中新社上海12月13日電 題:華裔女作家張翎:離去也是回家的一種方式
  中新社記者 鄒瑞玥
  旅居加拿大的華裔女作家張翎13日現身上海思南公館,與《收穫》雜誌執行主編程永新及滬上讀者展開一場“在海外書寫故土的心路歷程”的對話。
  11月,張翎的長篇新作《陣痛》剛剛摘得華僑華人文學獎大獎,距離她上部作品《金山》的獲獎不過三年。此次來滬,張翎慷慨地把自己十部作品的版權贈予上海作家協會旗下的華語文學網。

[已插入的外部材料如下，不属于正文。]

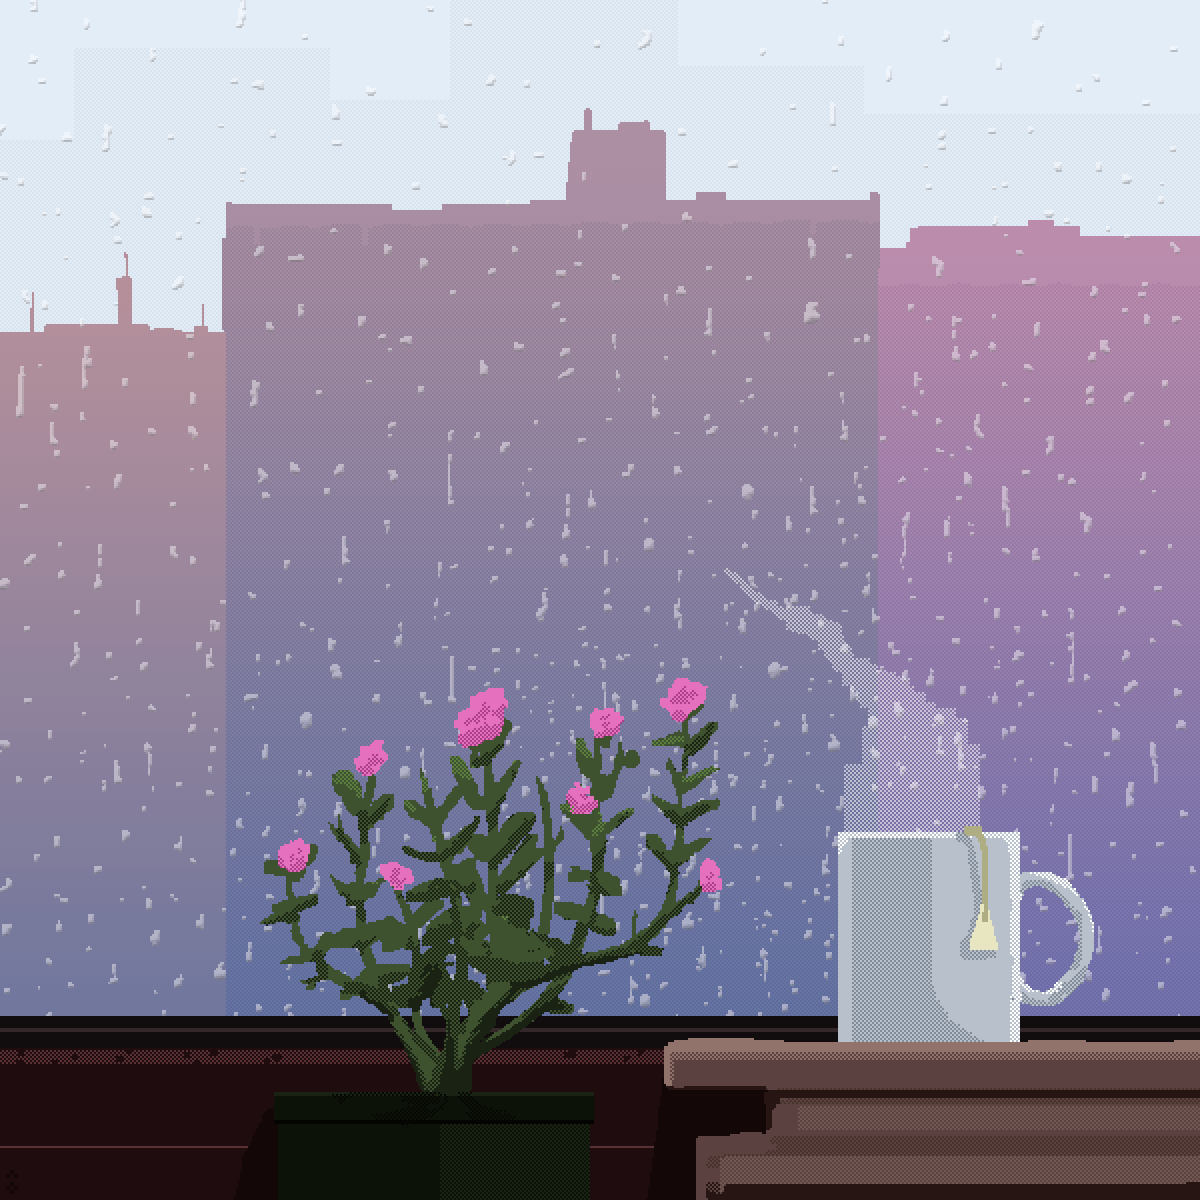 [OC] Rainy afternoon : PixelArt

  張翎畢業於復旦大學外語系。彼時,文革浩劫剛剛結束,母親說什麼也不同意她報考中文系,張翎只好退而求其次。她說,差不多從有記憶開始,就自認將來會成為作家。進入外語系後,海量的外國文學向她展開了一個新的世界。
  30歲離開故土,41歲發表第一部長篇小說處女作,張翎堪稱是“大器晚成”。她引用英國著名女作家伍爾夫的話說,一個女人寫作需要“500英鎊的年收入和一間自己的屋子”。40年的拼搏讓張翎實現了經濟獨立和精神思考的空間,到現在,寫作也只是張翎在聽力障礙康復專業外的副業。
  張翎坦言自己不是很著急的人。在加拿大十年,她感到所有的東西自然沉澱下來,對過去的認識也明朗化,帶來一種“塵埃落定後的清晰感”。
  剛開始寫作的時候,大陸與海外的通訊還很不發達。張翎形容自己“像在一個孤島上”,脫離了人群,脫離了母語環境,沒有一件熟悉的參照物,“感覺自己好像都不會走路了,那種艱難現在還記憶猶新。”張翎回憶說。
  也許得益於這種“絕緣”,張翎可以從一個新的視角觀看自己。一次她在巴黎盧浮宮欣賞《拿破侖一世加冕大典》,離得太近,只能看到畫上的斑駁,走得遠一點反而看到了畫的原貌。“在海外書寫故土也是一樣。”張翎說。
  脫離固定模式,打破藩籬,成就了一代海外華文作家。在張翎看來,出生長大的地方、熟悉的人群、母語、熟悉的創作思路、固定思維模式,都是安全的東西。脫離這種舒適安全環境的寫作正像是某種探險,某種“破壞性實驗”。無論是寫唐山大地震的《餘震》,還是寫修築太平洋鐵路華工的《金山》,張翎都查閱了大量史料才完成。張翎說,她更關註那些“被連根拔起的人的命運”。由於多年的英語學習、翻譯加之海外旅居經歷,張翎在寫作時始終保持著“獵犬一樣的警醒”,盡可能避免把歐化的語言帶進自己的作品中。
  她形容自己是在“第三國度”寫作:“離開中國,我的根也被挖走了,其他地方扎不下。在這個第三國度,我找到了淺淺的根,帶出一點不同的東西。”
  在海外書寫中國故事的作家,無論是華文作家嚴歌苓、張翎,還是英語作家哈金,他們筆下盤根錯節的依舊是中國故事。張翎引用2008年諾貝爾文學獎得主、同樣於異鄉寫作的法國作家勒克萊齊奧的話說:“離去和流浪,都是回家的一種方式”。一個人在遠離故土之後,卻通過寫作回歸故里。自己接觸的罹患阿茲海默綜合症的病人,有的連自己的伴侶都不記得,卻還能找到童年的記憶。“人的記憶就像筒倉,到了飽和的狀態,最先流溢出來的總會是最表層的近期記憶,而童年和故土卻是永遠不會走失的部分。”張翎說。(完)  (原標題:華裔女作家張翎:離去也是回家的一種方式)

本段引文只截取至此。